Which patient would the nurse identify as being at an increased risk for altered transport of oxygen? A patient with
a. hemoglobin level of 8.0
b. bronchoconstriction and mucus
c. peripheral arterial disease
d. decreased thoracic expansion
Altered transportation of oxygen refers to patients with insufficient red blood cells to transport the oxygen present. Bronchoconstriction and decreased thoracic expansion (spinal cord injury) would result in impairment of ventilation. Peripheral vascular disease would result in inadequate perfusion.
A 3-month-old infant is at increased risk for developing anemia. The nurse would identify which principle contributing to this risk?
a. The infant is becoming more active.
b. There is an increase in intake of breast milk or formula.
c. The infant is unable to maintain an adequate iron intake.
d. A depletion of fetal hemoglobin occurs.
Fetal hemoglobin is present for about 5 months. The fetal hemoglobin begins deteriorating, and around 2 to 3 months the infant is at increased risk of developing an anemia due to decreasing levels of hemoglobin.

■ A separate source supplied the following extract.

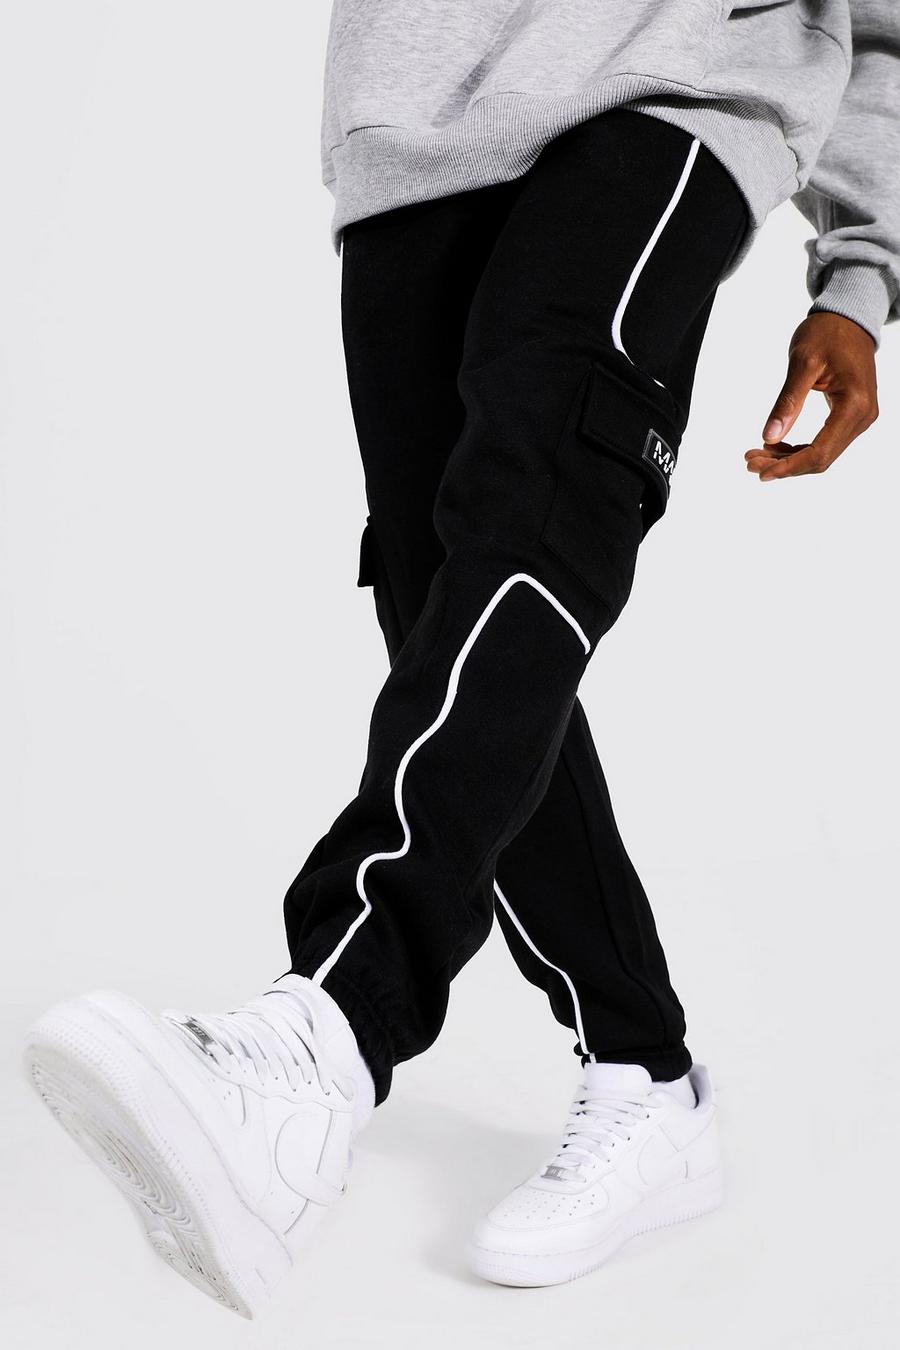 Pantalón deportivo cargo MAN con ribete y etiqueta de goma, Black negro

Breast milk or formula is the primary food intake up to around 6 months. Often iron supplemented formula is offered, and/or an iron supplement is given if the infant is breastfed.

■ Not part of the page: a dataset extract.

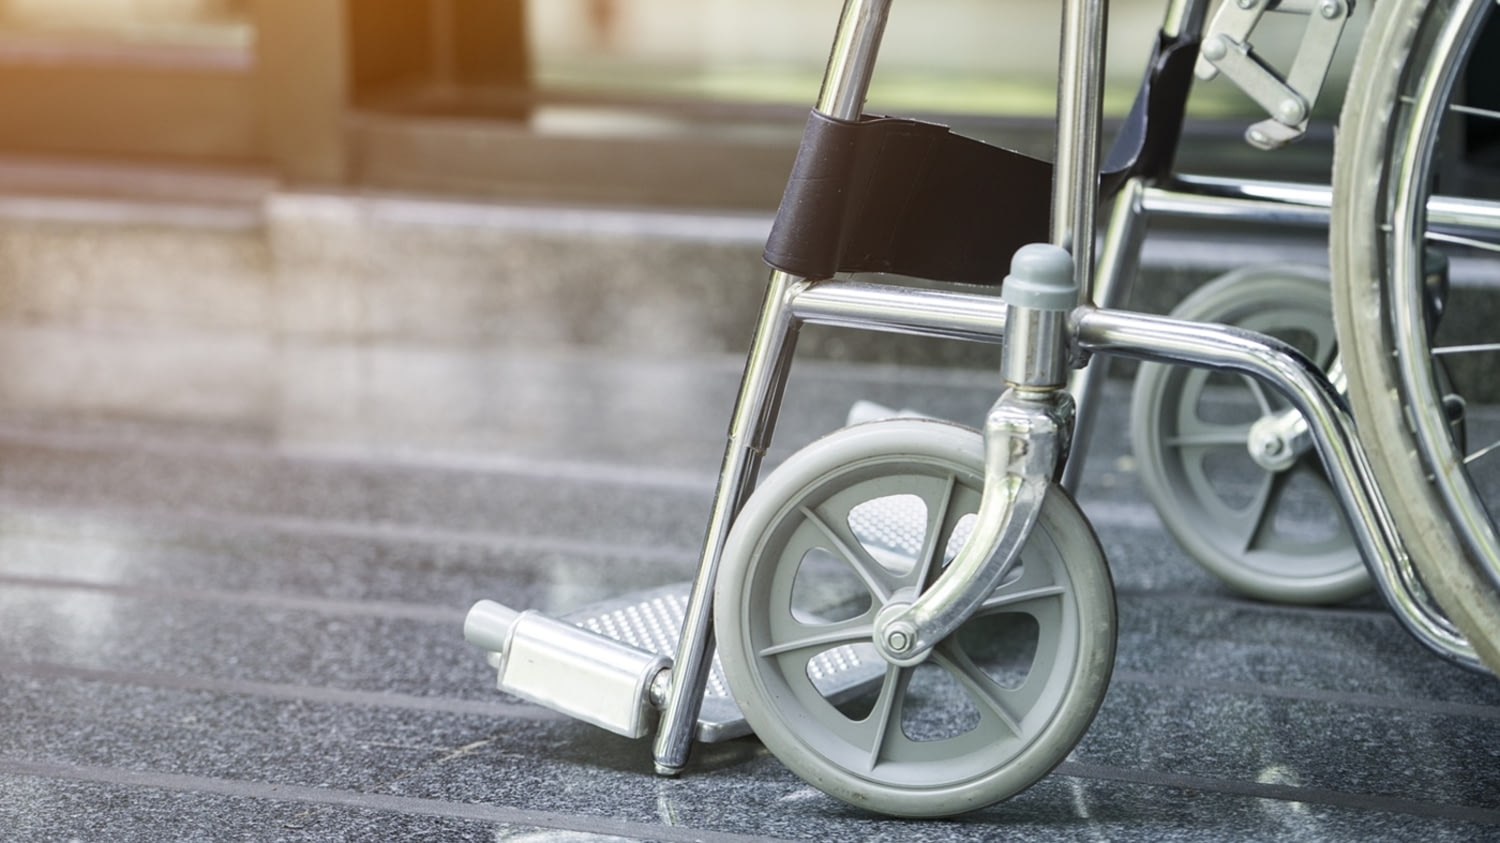 Auf einem Krankenhausflur geparkter Rollstuhl

Which clinical management prevention concept would the nurse identify as representative of secondary prevention?
a. Decreasing venous stasis and risk for pulmonary emboli
b. Implementation of strict hand washing routines
c. Maintaining current vaccination schedules
d. Prevention of pneumonia in patients with chronic lung disease
Prevention of and treatment of existing health problems to avoid further complications is an example of secondary prevention. Primary prevention includes infection control (hand washing), smoking cessation, immunizations, and prevention of postoperative complications.
The nurse would identify which body systems as directly involved in the process of normal gas exchange? (Select all that apply.)
a. Neurologic system
b. Endocrine system
c. Pulmonary system
d. Immune system
e. Cardiovascular system
f. Hepatic system
ANS: A, C, E
The neurologic system controls respiratory drive; the respiratory system controls delivery of oxygen to the lung capillaries; and the cardiac system is responsible for the perfusion of vital organs. These systems are primarily responsible for the adequacy of gas exchange in the body. The endocrine and hepatic systems are not directly involved with gas exchange. The immune system primarily protects the body against infection.
The nurse is assessing a patient for the adequacy of ventilation. What assessment findings would indicate the patient has good ventilation? (Select all that apply.)
a. Respiratory rate is 24 breaths/min.
b. Oxygen saturation level is 98%.
c. The right side of the thorax expands slightly more than the left.
d. Trachea is just to the left of the sternal notch.
e. Nail beds are pink with good capillary refill.
f. There is presence of quiet, effortless breath sounds at lung base bilaterally.
ANS: B, E, F
Oxygen saturation level should be between 95 and 100%; nail beds should be pink with capillary refill of about 3 seconds; and breath sounds should be present at base of both lungs. Normal respiratory rate is between 12 and 20 breaths/min. The trachea should be in midline with the sternal notch. The thorax should expand equally on both sides.